Friday: We left Redlodge late morning. The Hotel we stayed in, the "Yodeler", was a pretty cool place to stay. The place was older but they saved all the retro things like "the steam shower" from the 50's. Just turn the switch, wait five minutes, and steam starts filling up your shower so you can take a steam bath! The rooms were clean and roomy enough, the owners were two outdoors people, and are eager to please their guests. They are loads of fun to hangout in the lobby with and talk about rock climbing, skiing, or anything else to do with mountains. Great conversations are to be had all over Redlodge. Gabbing with strangers is a pasttime there, and I had the impression that all were quite sincere.
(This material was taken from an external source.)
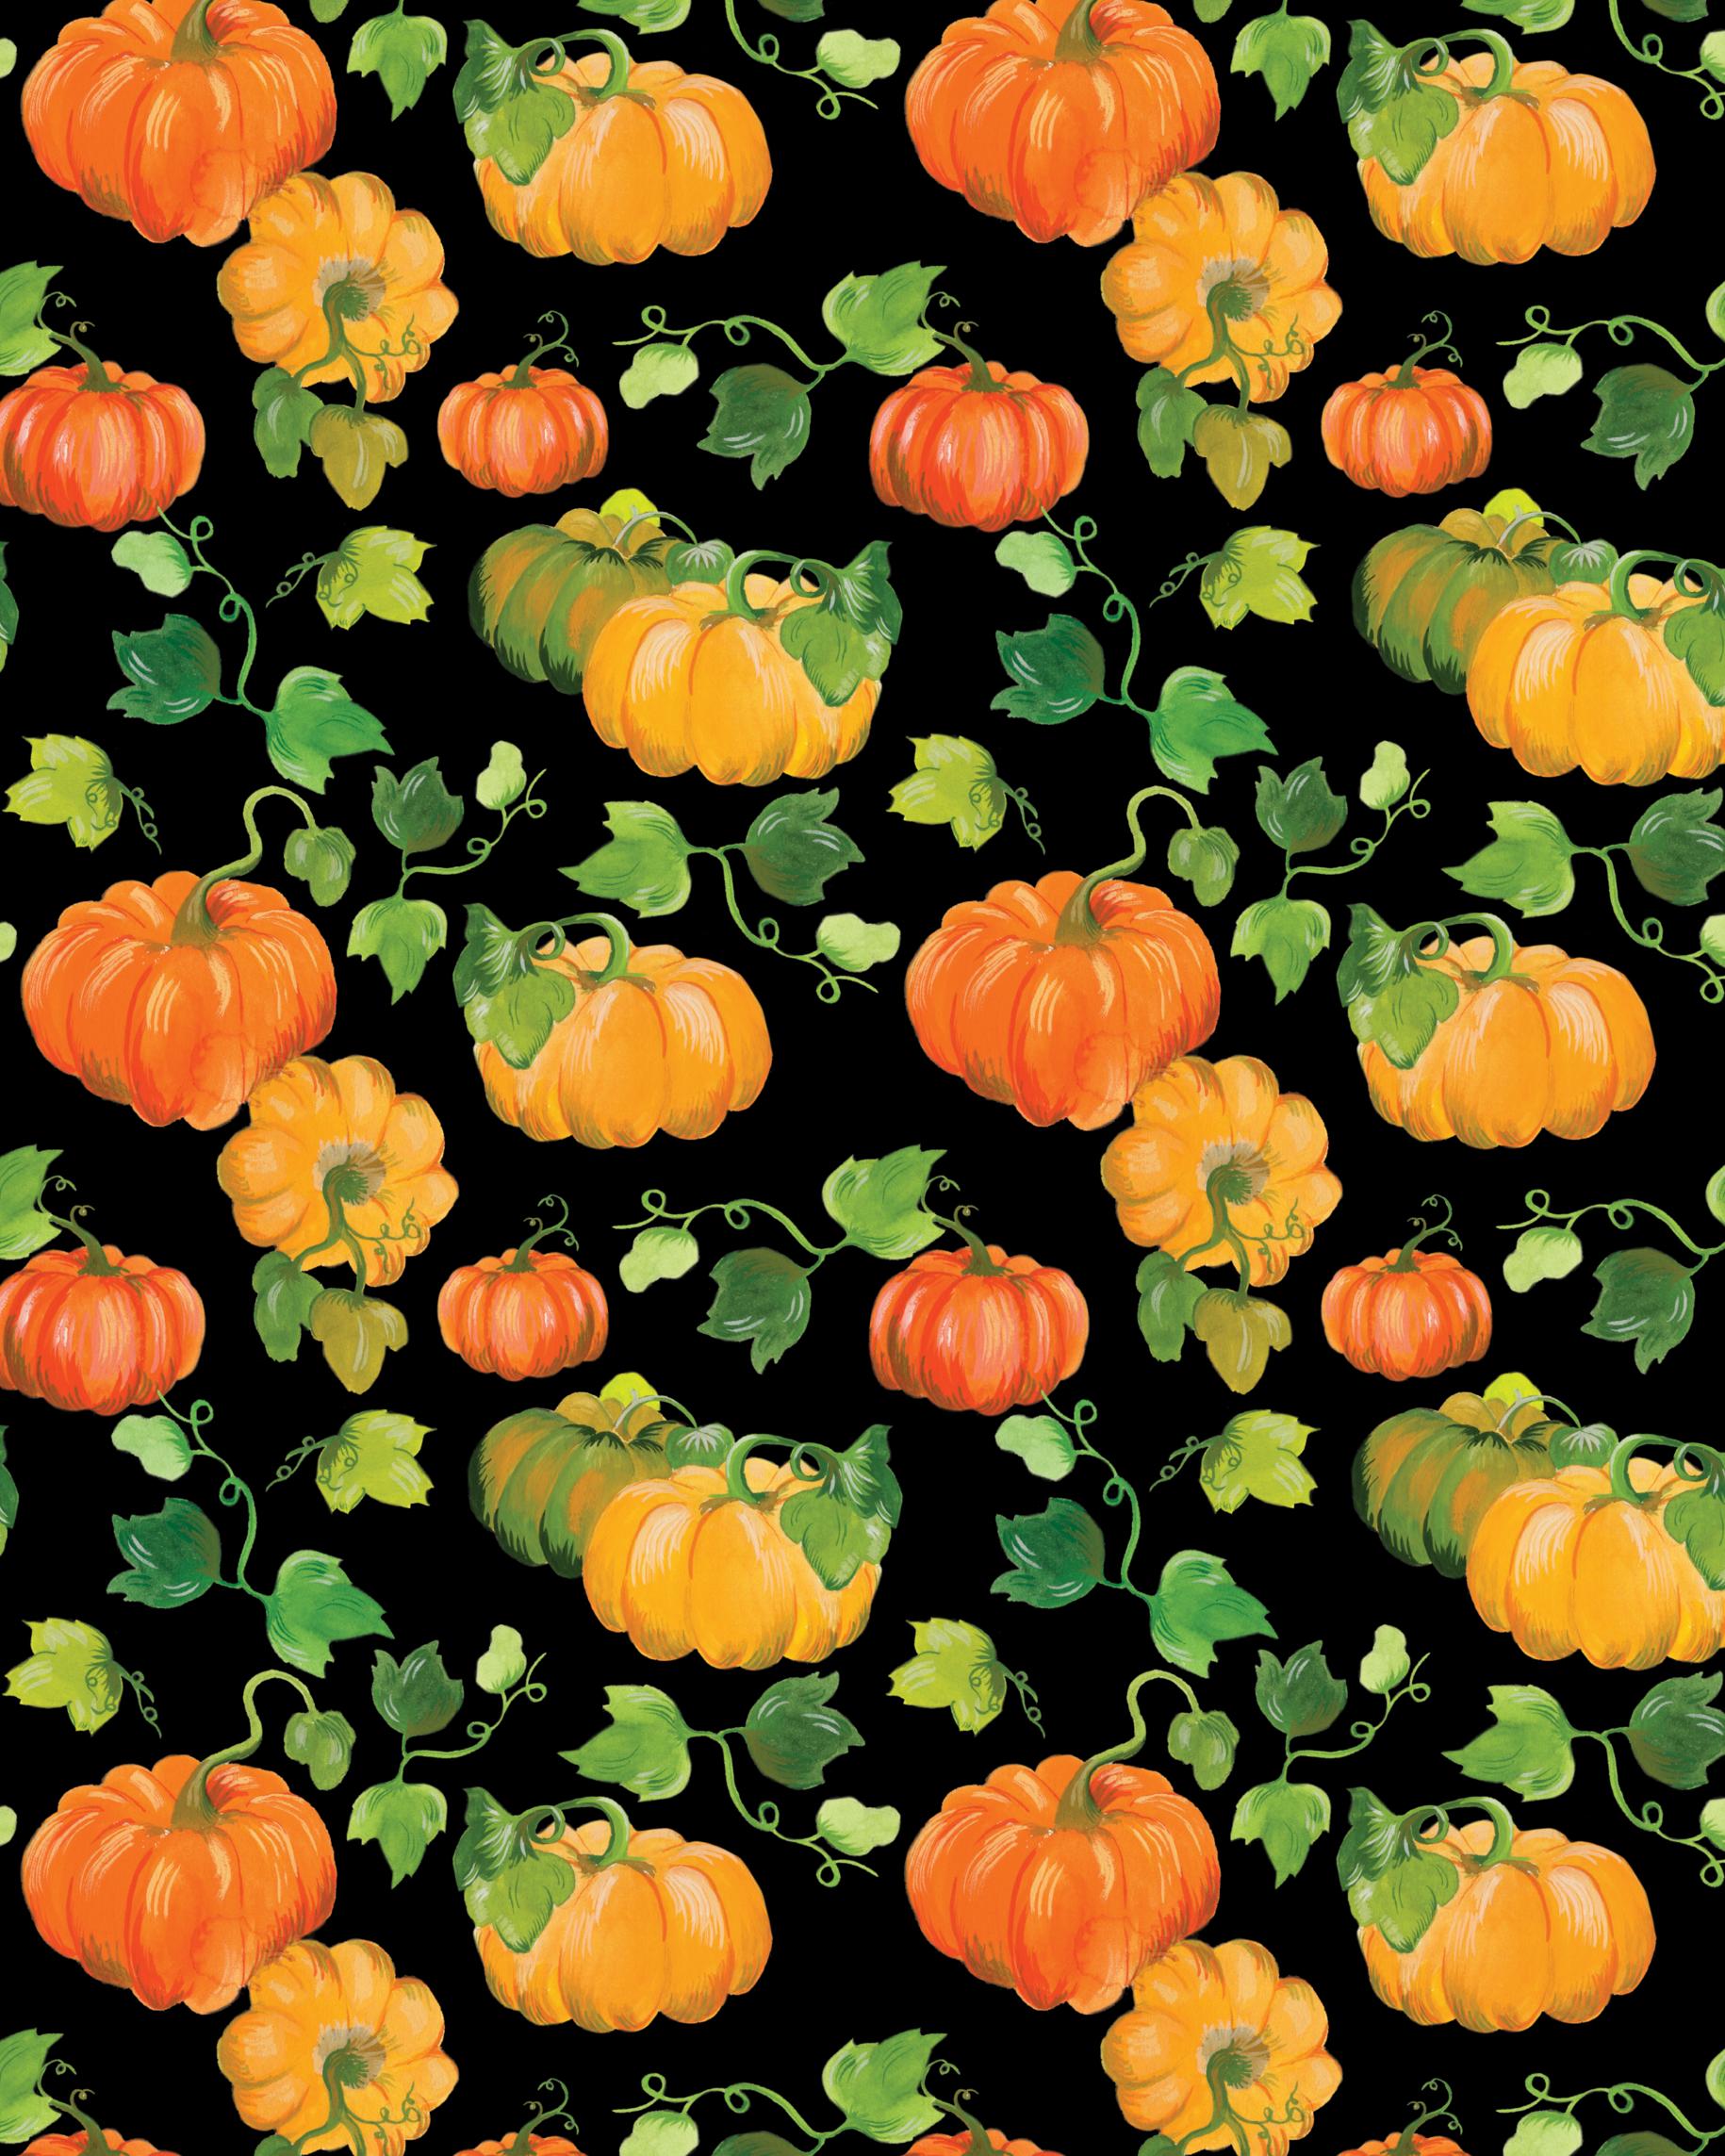 Pumpkin image.png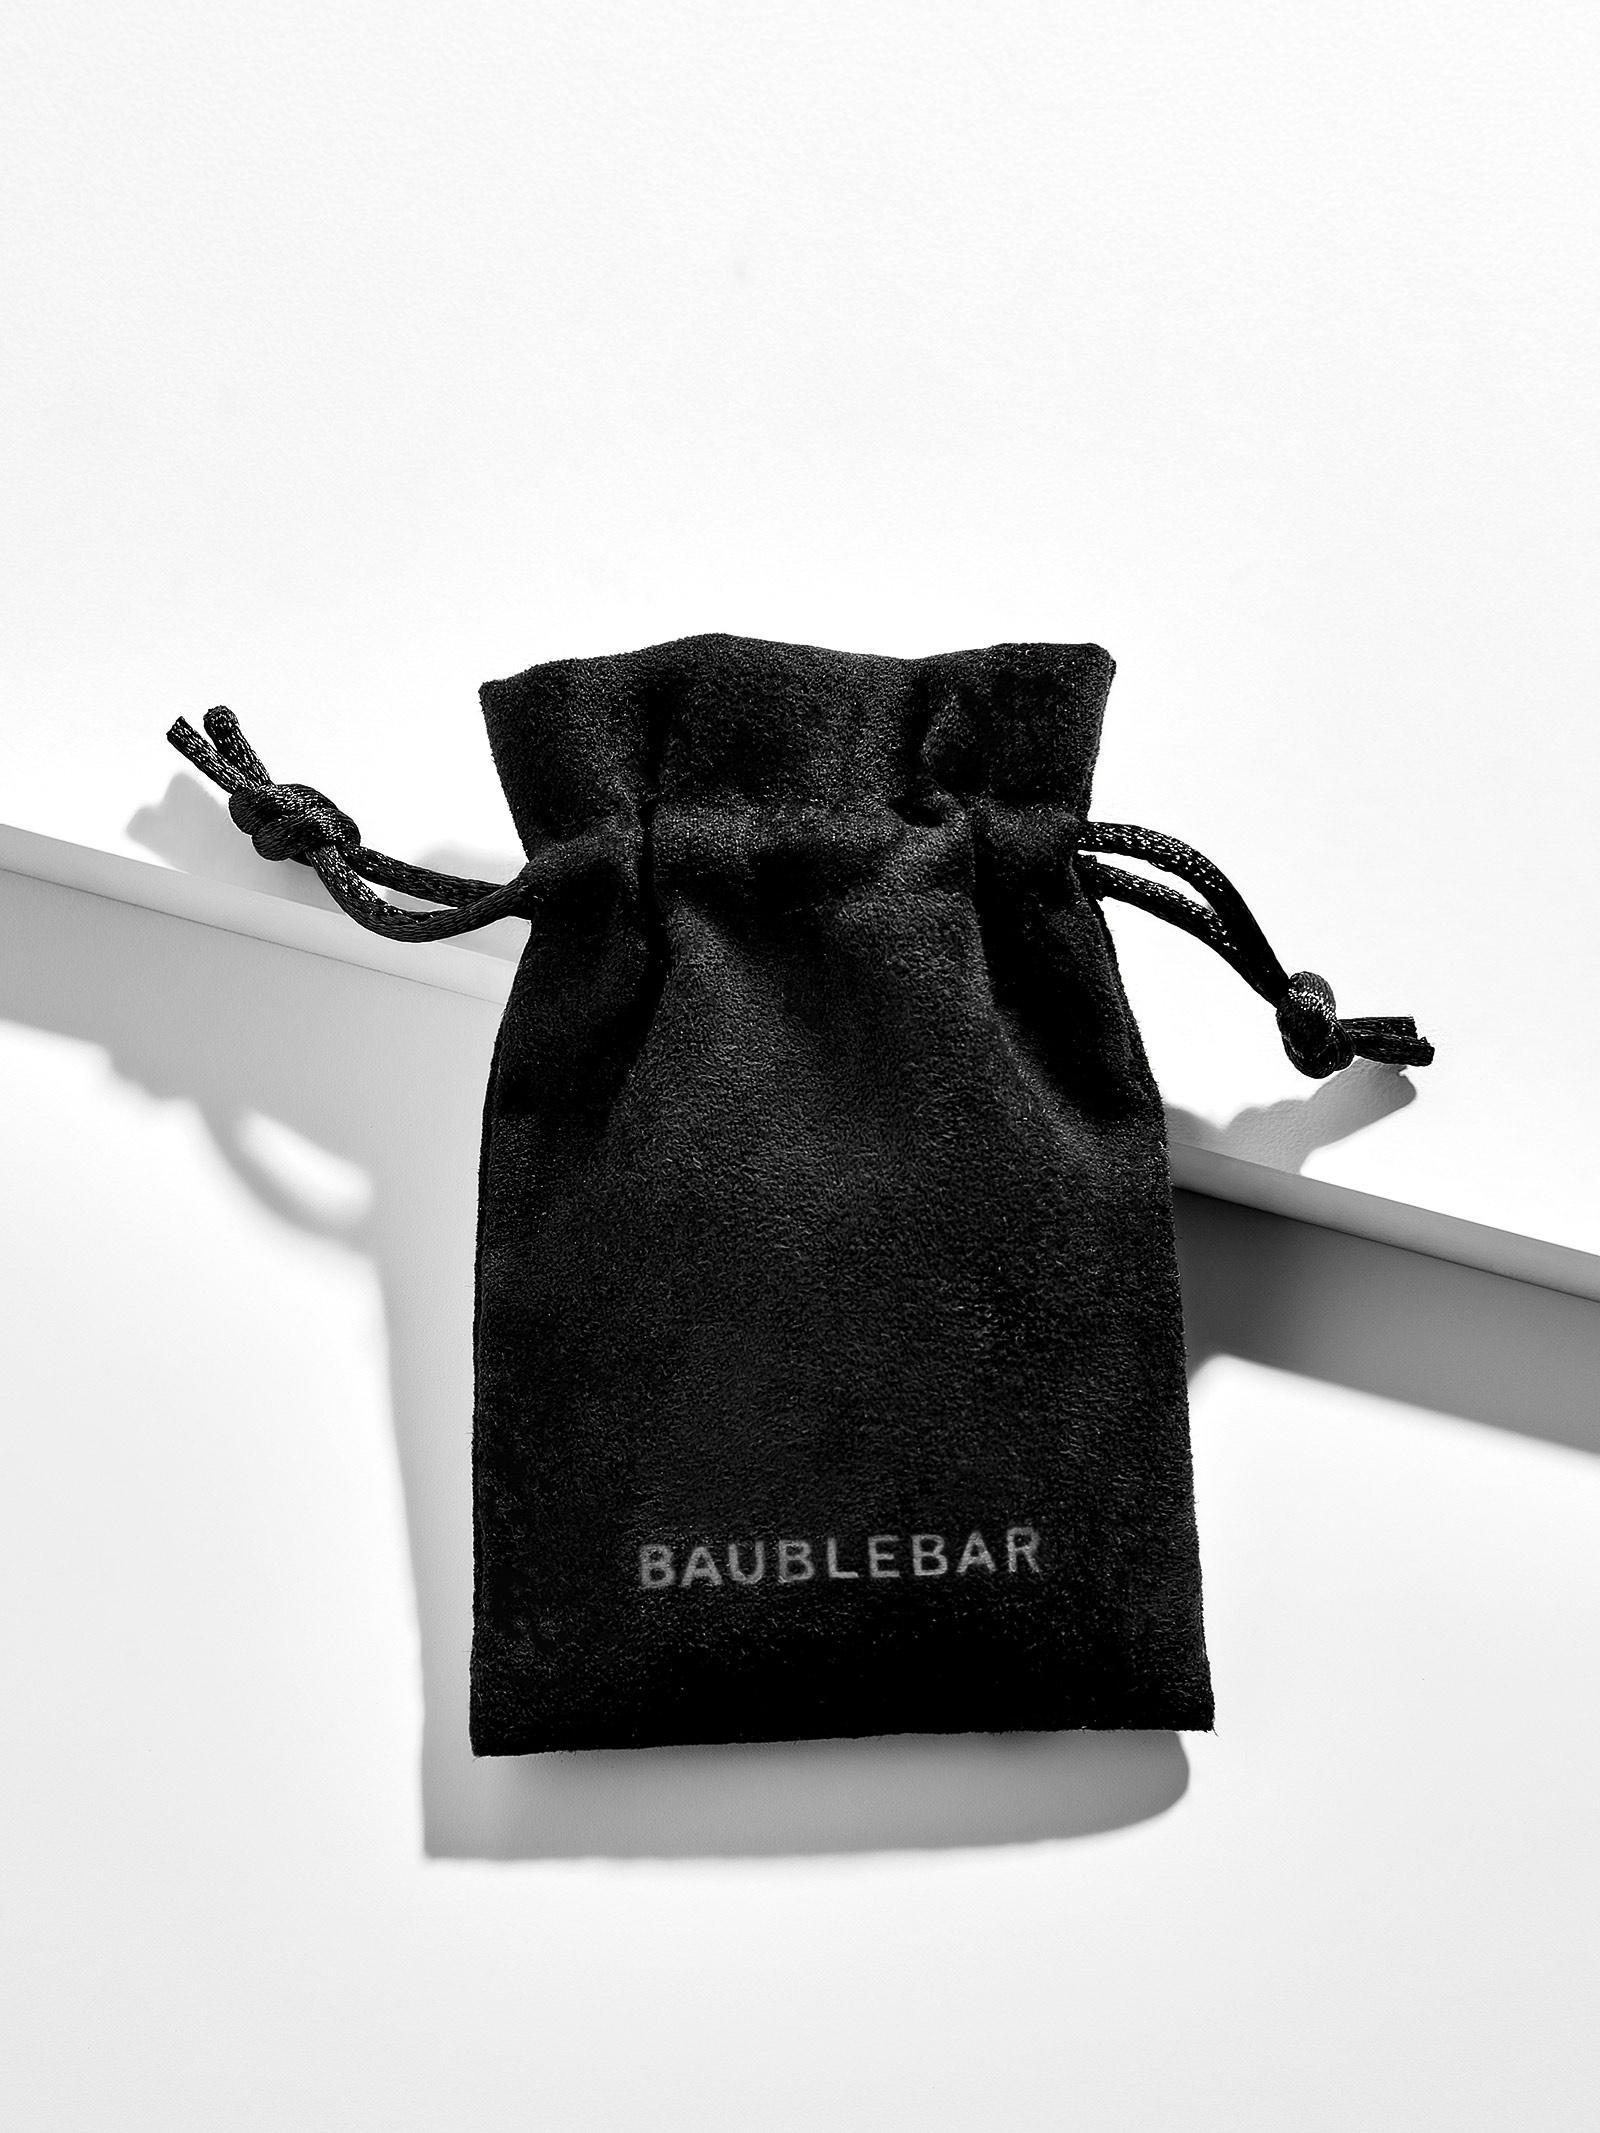 BaubleBar Fantasia 18k Gold Plated Earring Duo

I will return to the town of Redlodge soon! The rest of the state impressed me immensly, Montana was the favorite state of Steinbeck as well.
We drove the 30 miles from Redlodge to Cody, Wyoming and felt like we were in another world.
Cody was a nice clean town. We had lunch in a very old restaurant called the "Irma", which sported a fancy buffet for 6.95. I had the goulash with fried pollack and shrimp. Chuck made a veggie burrito with lots of cheese and sour cream, and the tomato sauce and spaghetti.
The waitress was professional (and cute!), the decor was Buffalo Bill related (as is the entire town), and the moghogany paneling, tables, frames, ect.. combined with the old pictures of locals from yesteryear, made for an excellent lunch experience.
Leaving Cody, we headed South toward Thermopolis and beyond. As lonely and desolate Wyoming seems, the topography is fascinating. The rolling hills, half frozen rivers and lakes, the distant mountains, the wildlife, and the general lack of people, seem appealing to me. I hope Wyoming always keeps it's population small. We wound up skirting the "Wind River Range", which is a national Park and has little vehicle access. The Range gets less visitors than most of the other Parks in the system. Avid hikers who venture this wilderness, are the only ones who get to experience the Wind River Range. Anyone brave and tough enough to traverse the 70 or so miles to cross the Mountains, has my deepest respect. The place has most of North America's largest and most dangerous animals. It nice to know that such a large refuge exists for them in the lower 48.
After 6 hours or more in the rough looking lands, we started over the Northern end of the Wind River Range. We passed through the mountain town of Dubois, and continued toward Jackson Hole, which would be my hometown for a couple days.